One of my vivitar 285 flashes fell over a while back while on a tripod, and the shoe part broke.  Its finally time to get it fixed.  I found a bunch of auctions on ebay for metal hot shoes, but they are not responding to me to let me know how hard or easy it is to put on a flash.  I am guessing you have to cut off the bottom part of the vivitar flash?  I was just wondering if anyone here has done this.


----------



## Photochick (Nov 8, 2009)

That has happened to me several times.  My local repair shop was able to fix it and replace the part.  It wasn't expensive and I didn't have to mess with it.


----------



## Dwig (Nov 9, 2009)

msf said:


> ...I am guessing you have to cut off the bottom part of the vivitar flash?  I was just wondering if anyone here has done this.

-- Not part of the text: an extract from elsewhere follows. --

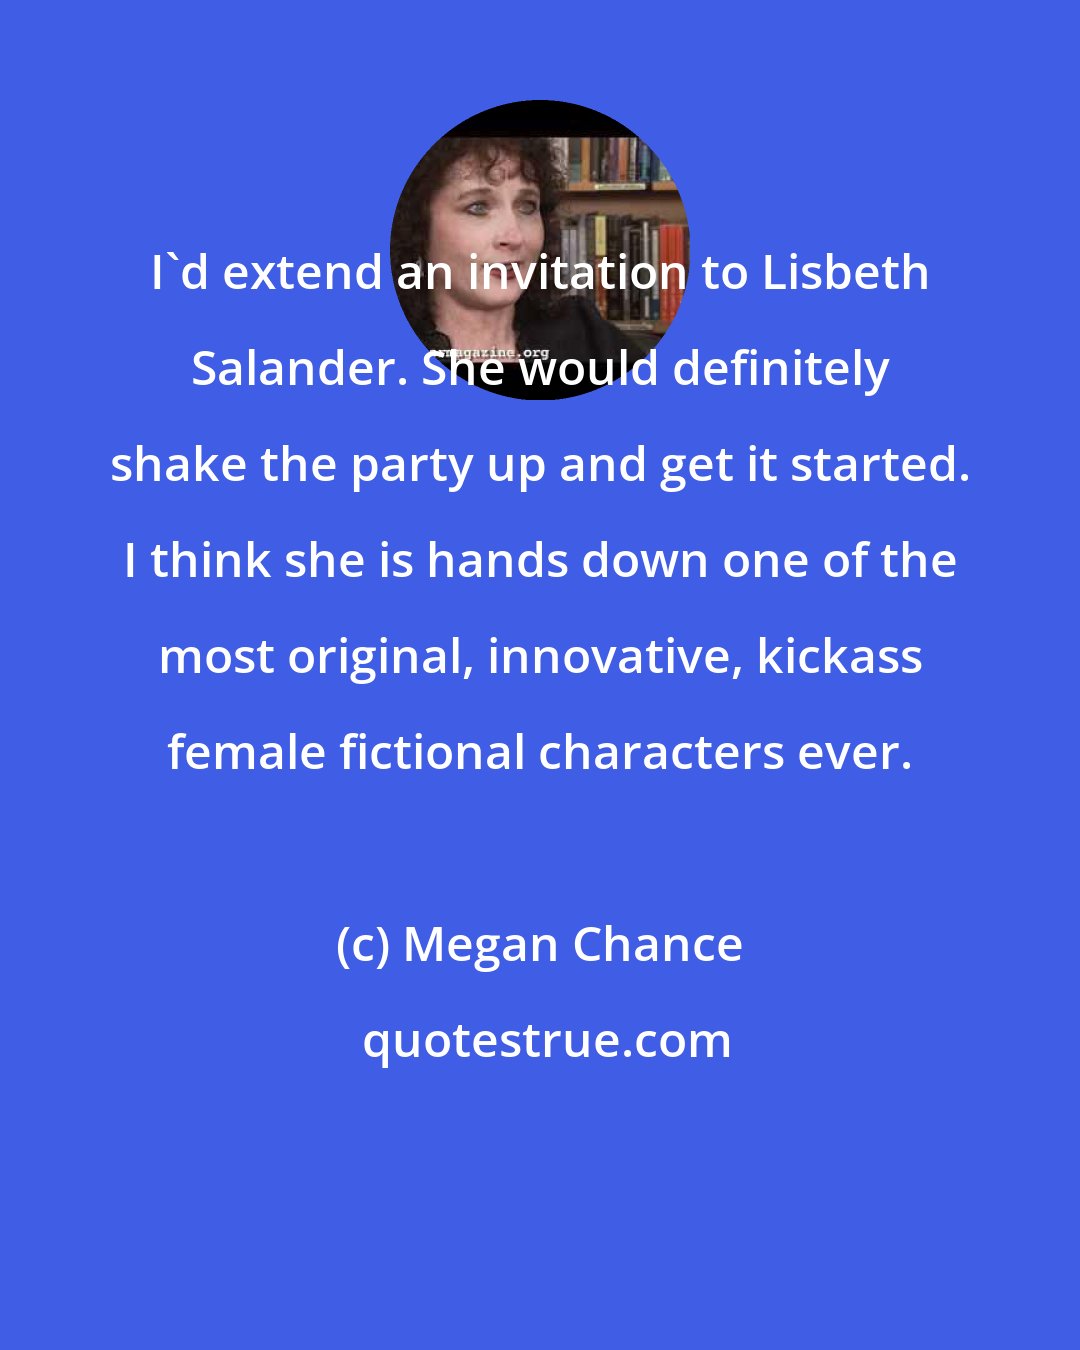 Megan Chance: I'd extend an invitation to Lisbeth Salander. She would definitely shake the party up and get it started. I think she is hands down one of the most original, innovative, kickass female fictional characters ever.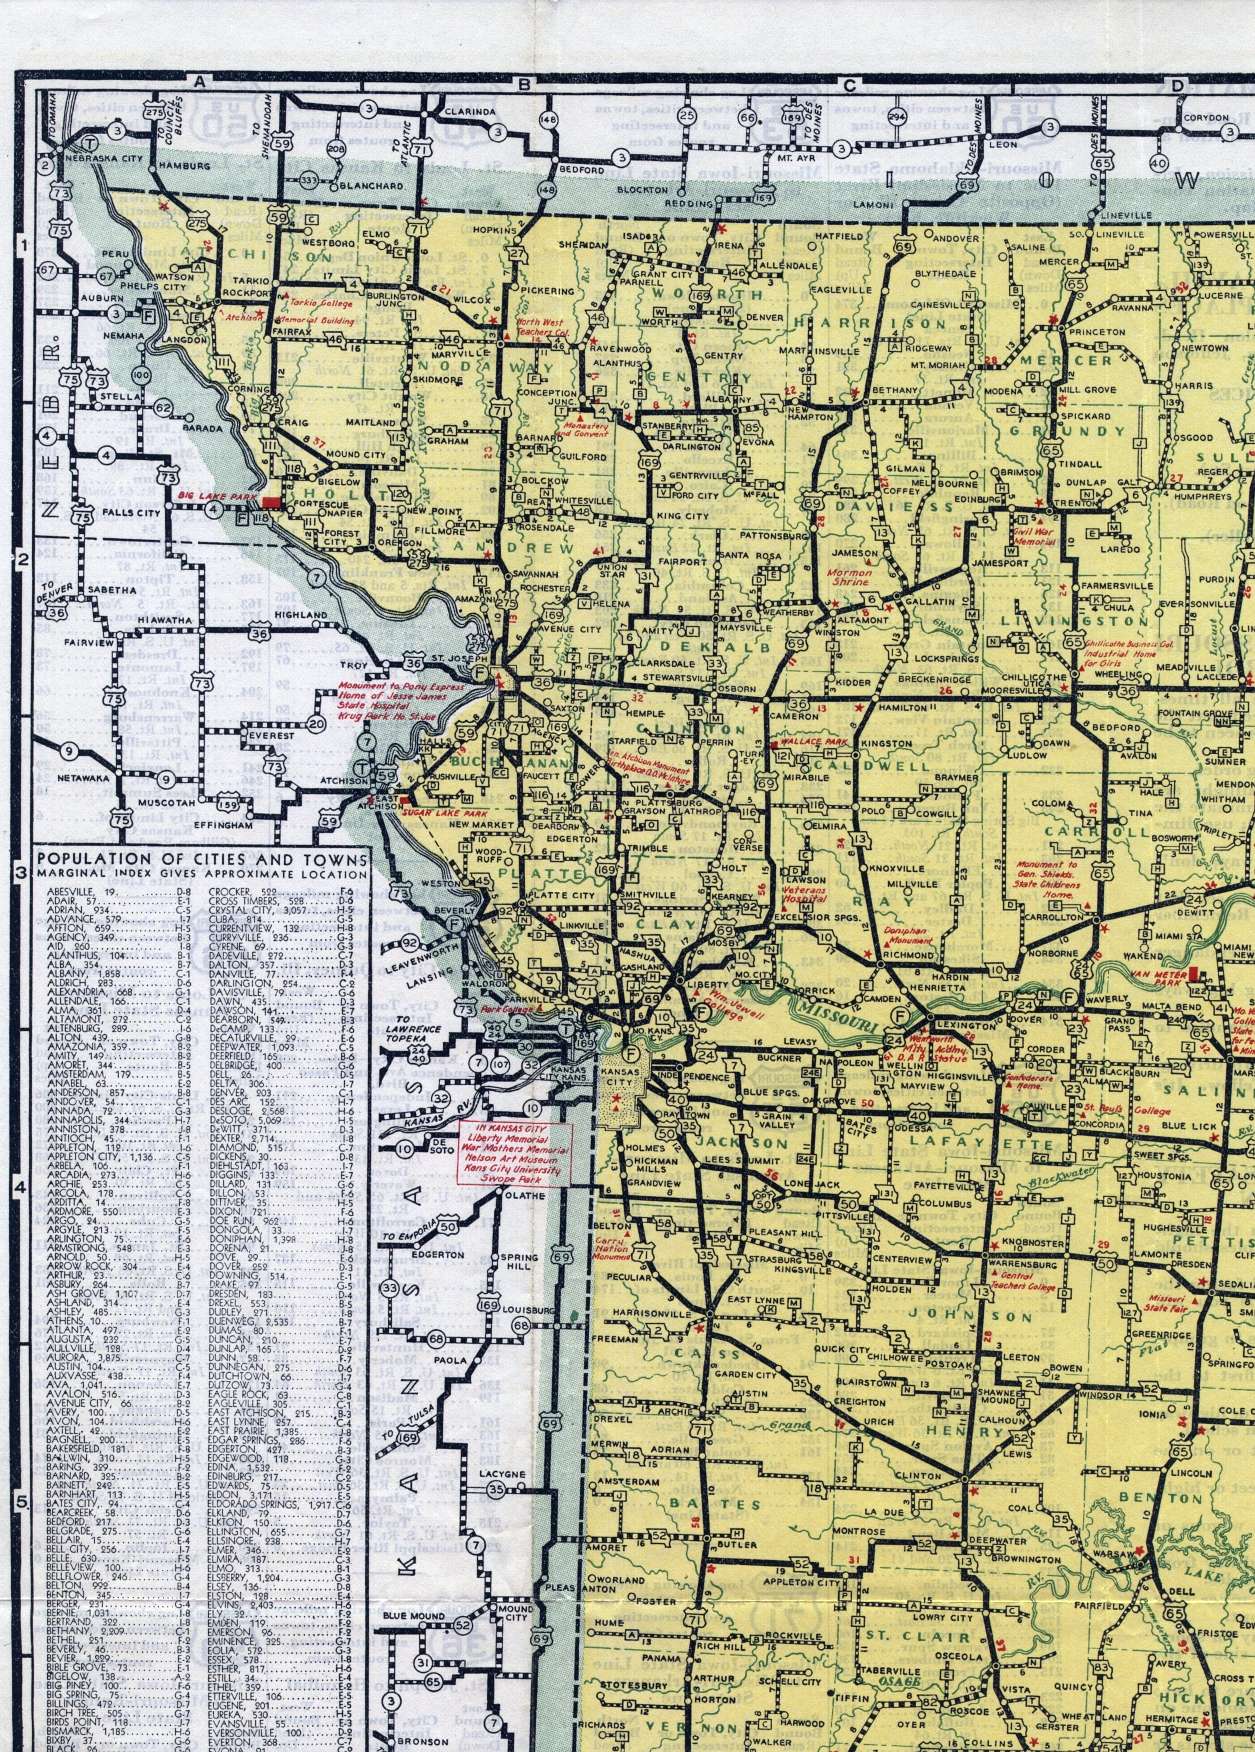 Section of 1938 official highway map for Missouri

There should be two small screws holding the old broken shoe in place. A proper replacement foot, either original plastic or custom metal, should mount using the same screws. There will be some wires that must be cut or unsoldiered from the old shoe and either carefully taped so they don't short or resoldiered to the new shoe.

Be very careful to discharge the flash and remove the batteries before attempting the repair. Some variants of the 285 present a rather high voltage to the hot shoe and you could get a nasty shock from handling the wires.


----------